Task to carry out =
Output the lines of the listing below exactly, starting at the line containing "Moto-Master Bremslichtschalter 11 mm/12 mm" and stopping after the last line, with any pictures dropped.

____ Raw data

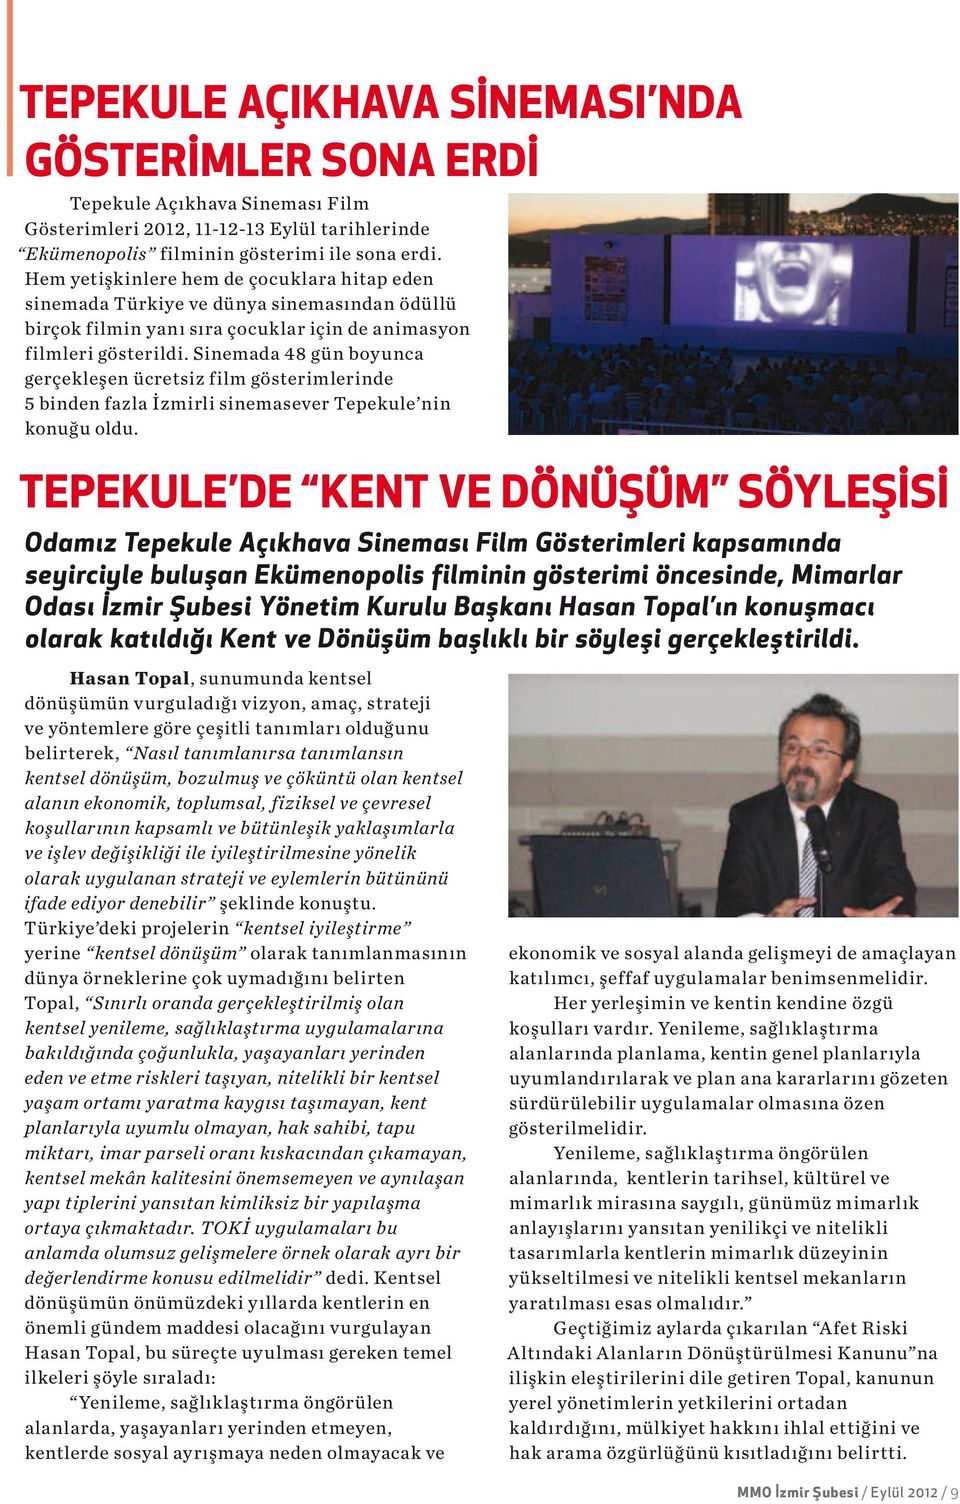 Sinemada 48 gün boyunca gerçekleşen ücretsiz film gösterimlerinde 5 binden fazla İzmirli sinemasever Tepekule nin konuğu oldu.
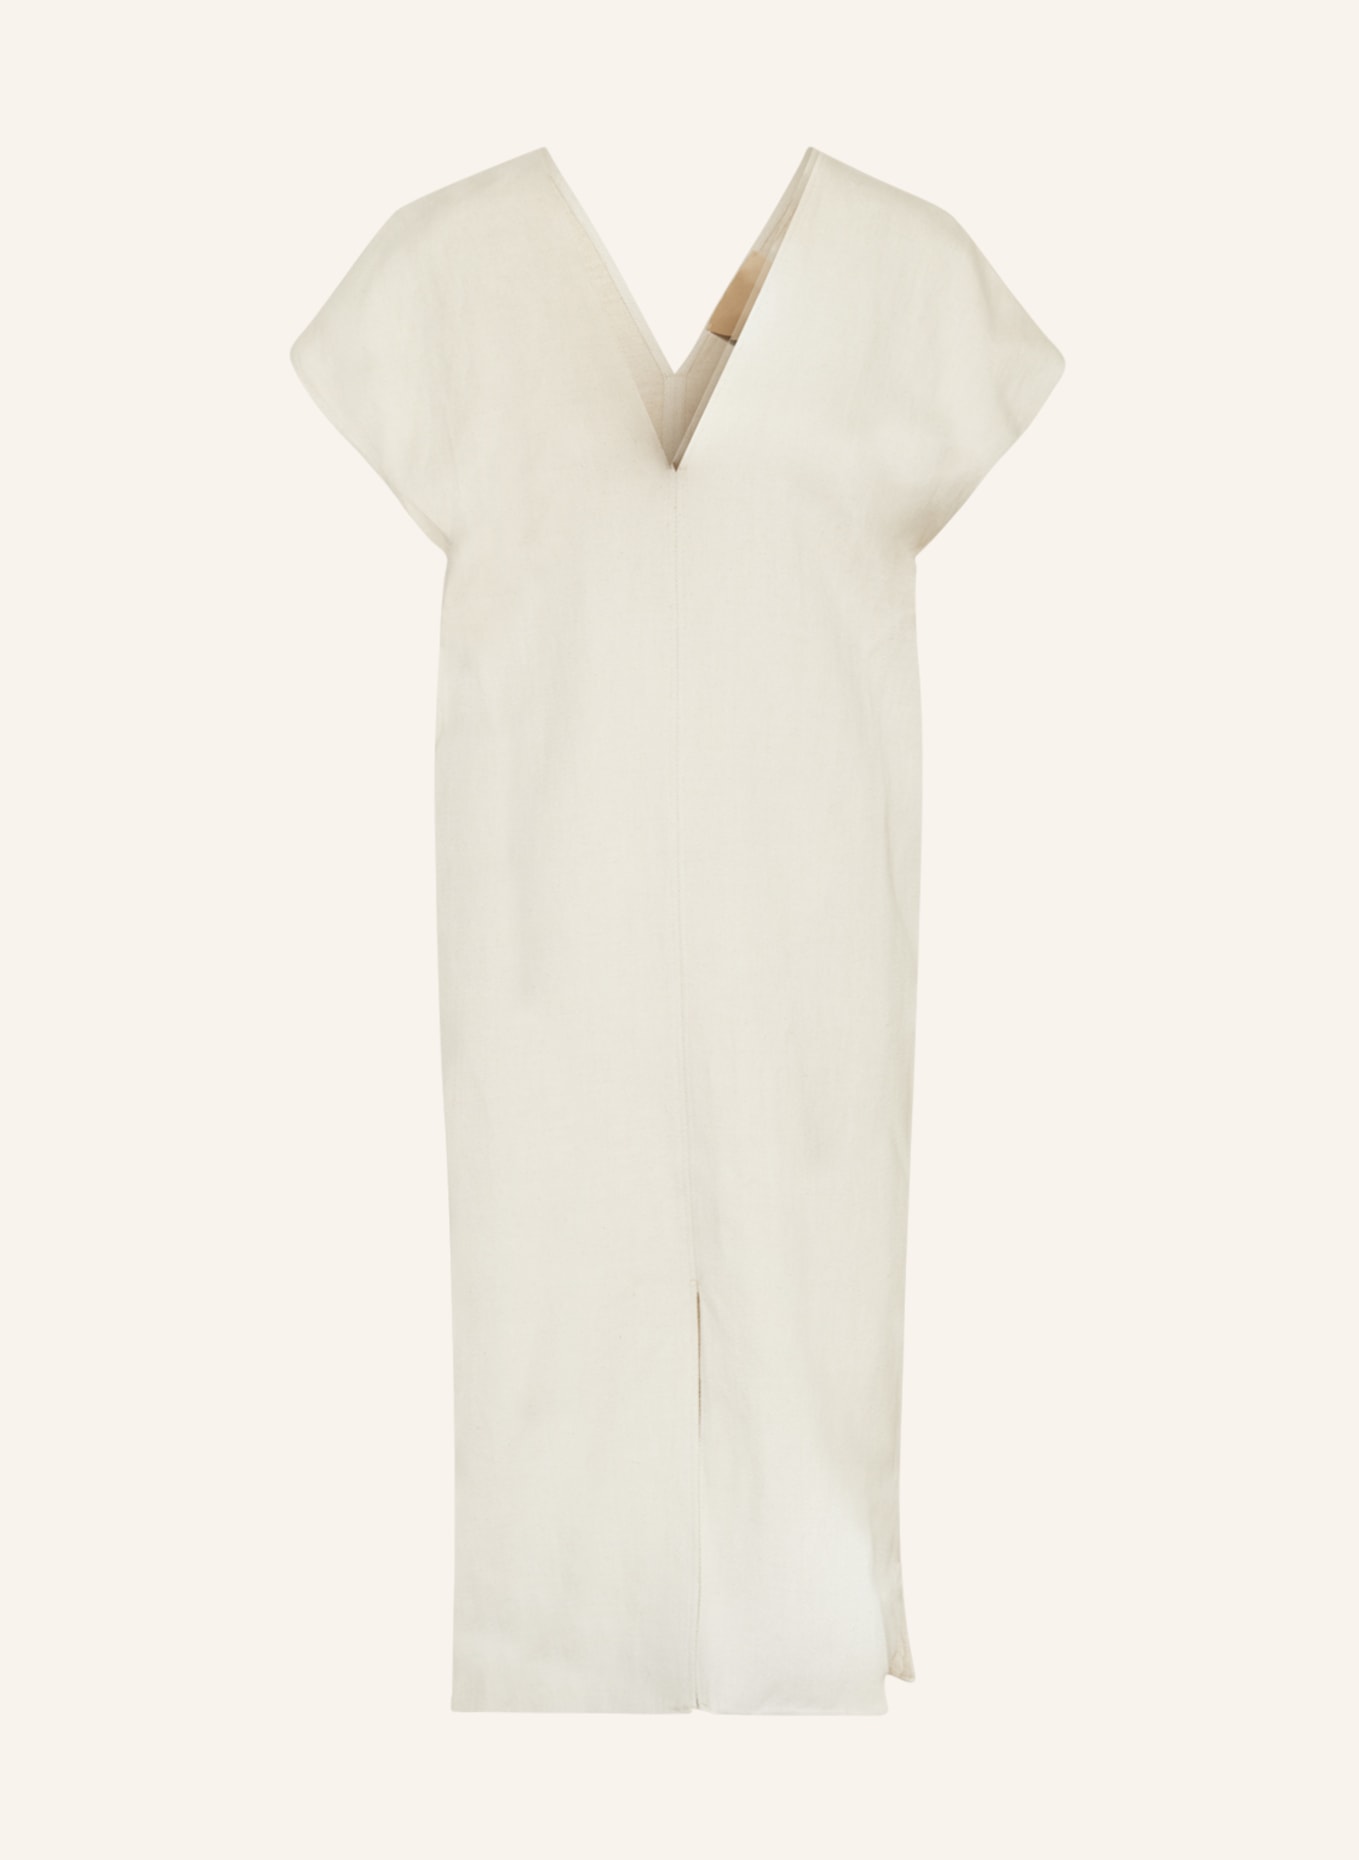 GITTA BANKO Kleid LUNA mit Leinen, Farbe: CREME (Bild 1)
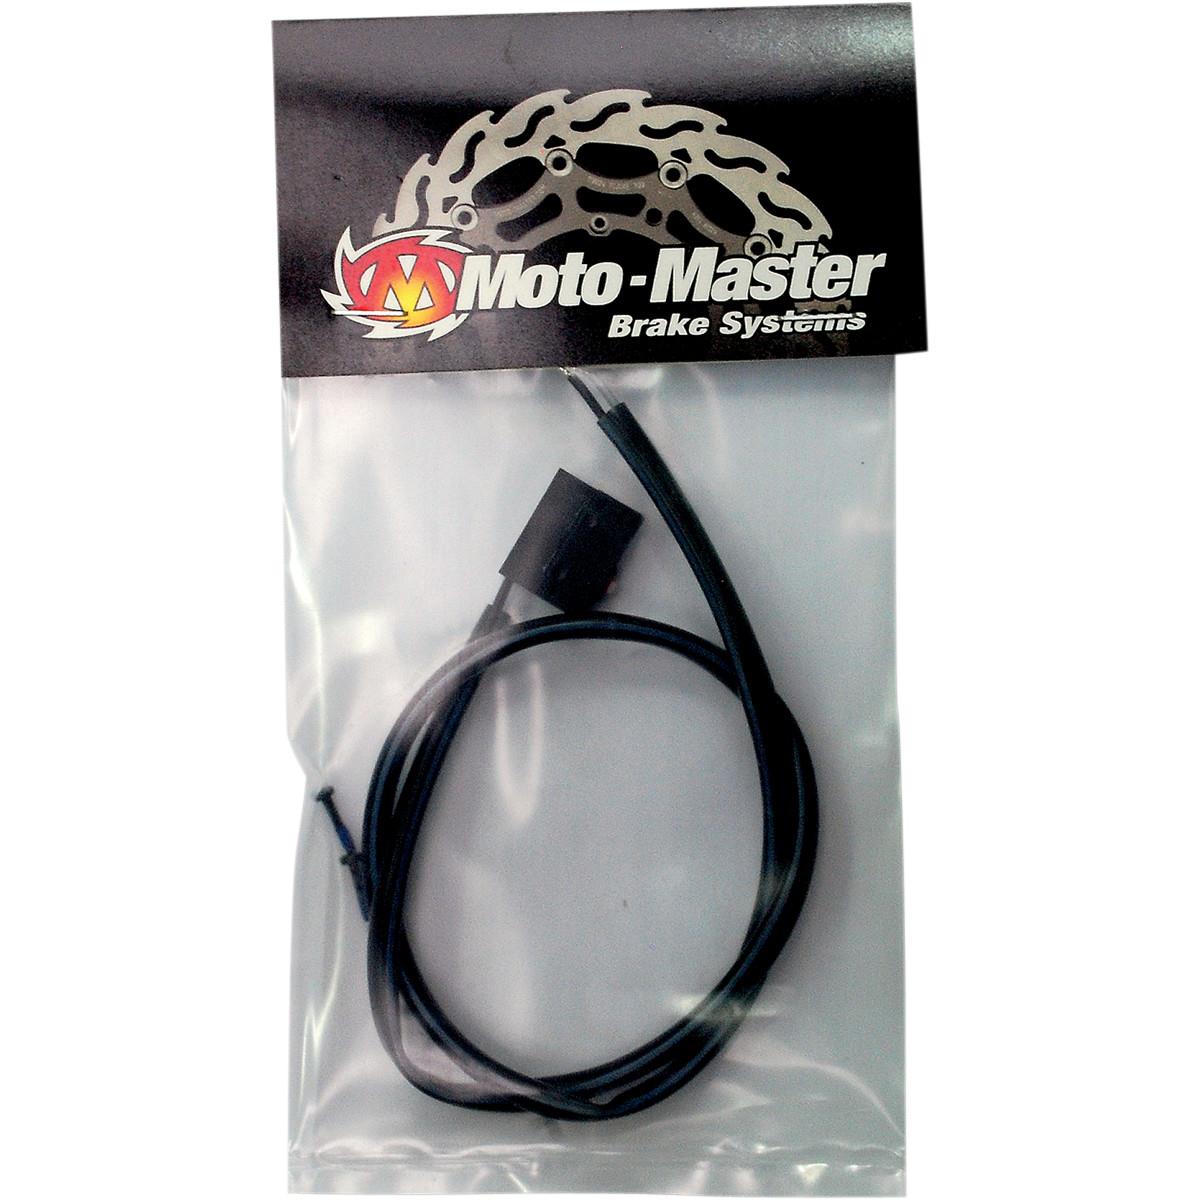 Moto-Master Bremslichtschalter 11 mm/12 mm
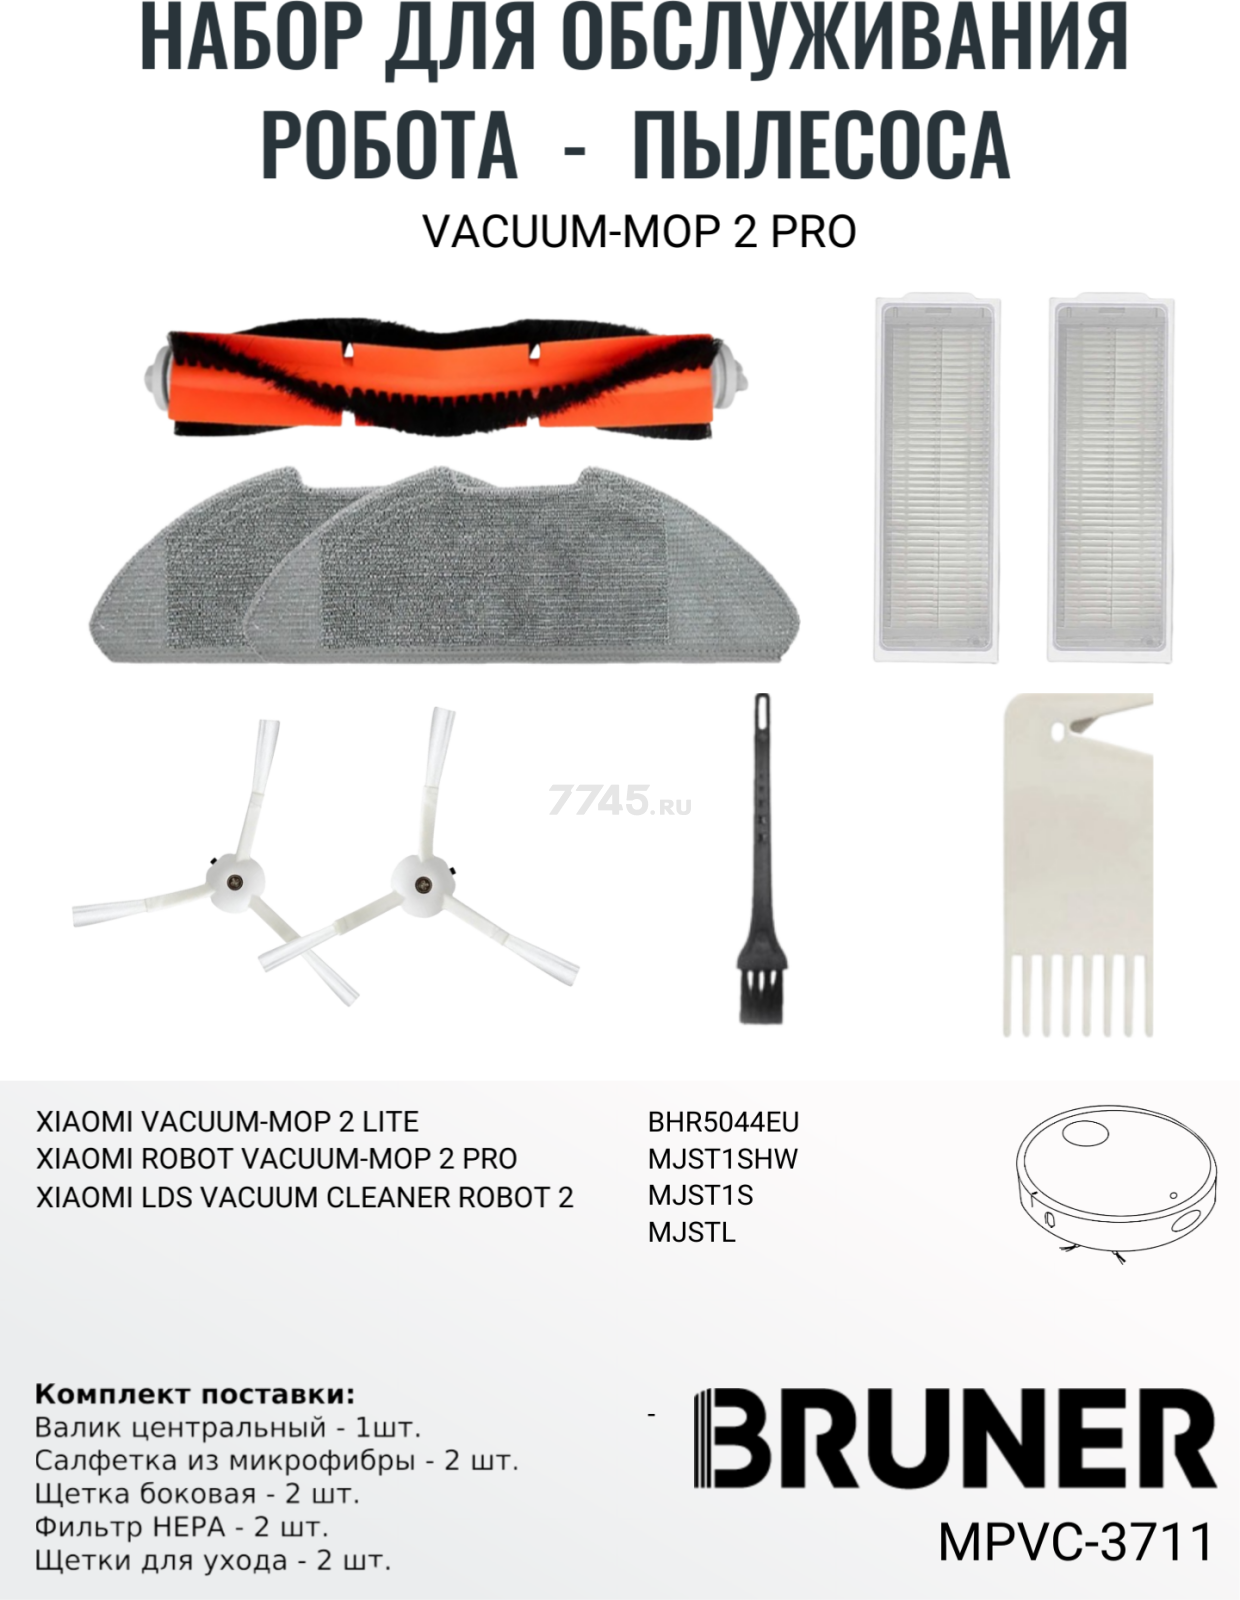 Набор расходных материалов (щетки, валик, салфетка, фильтры) для робота-пылесоса Xiaomi серии Vacuum Mop 2 Pro BRUNER (MPVC-3711) - Фото 2

________

Result for this task =
 Moto-Master Bremslichtschalter 11 mm/12 mm
 Набор расходных материалов (щетки, валик, салфетка, фильтры) для робота-пылесоса Xiaomi серии Vacuum Mop 2 Pro BRUNER (MPVC-3711) - Фото 2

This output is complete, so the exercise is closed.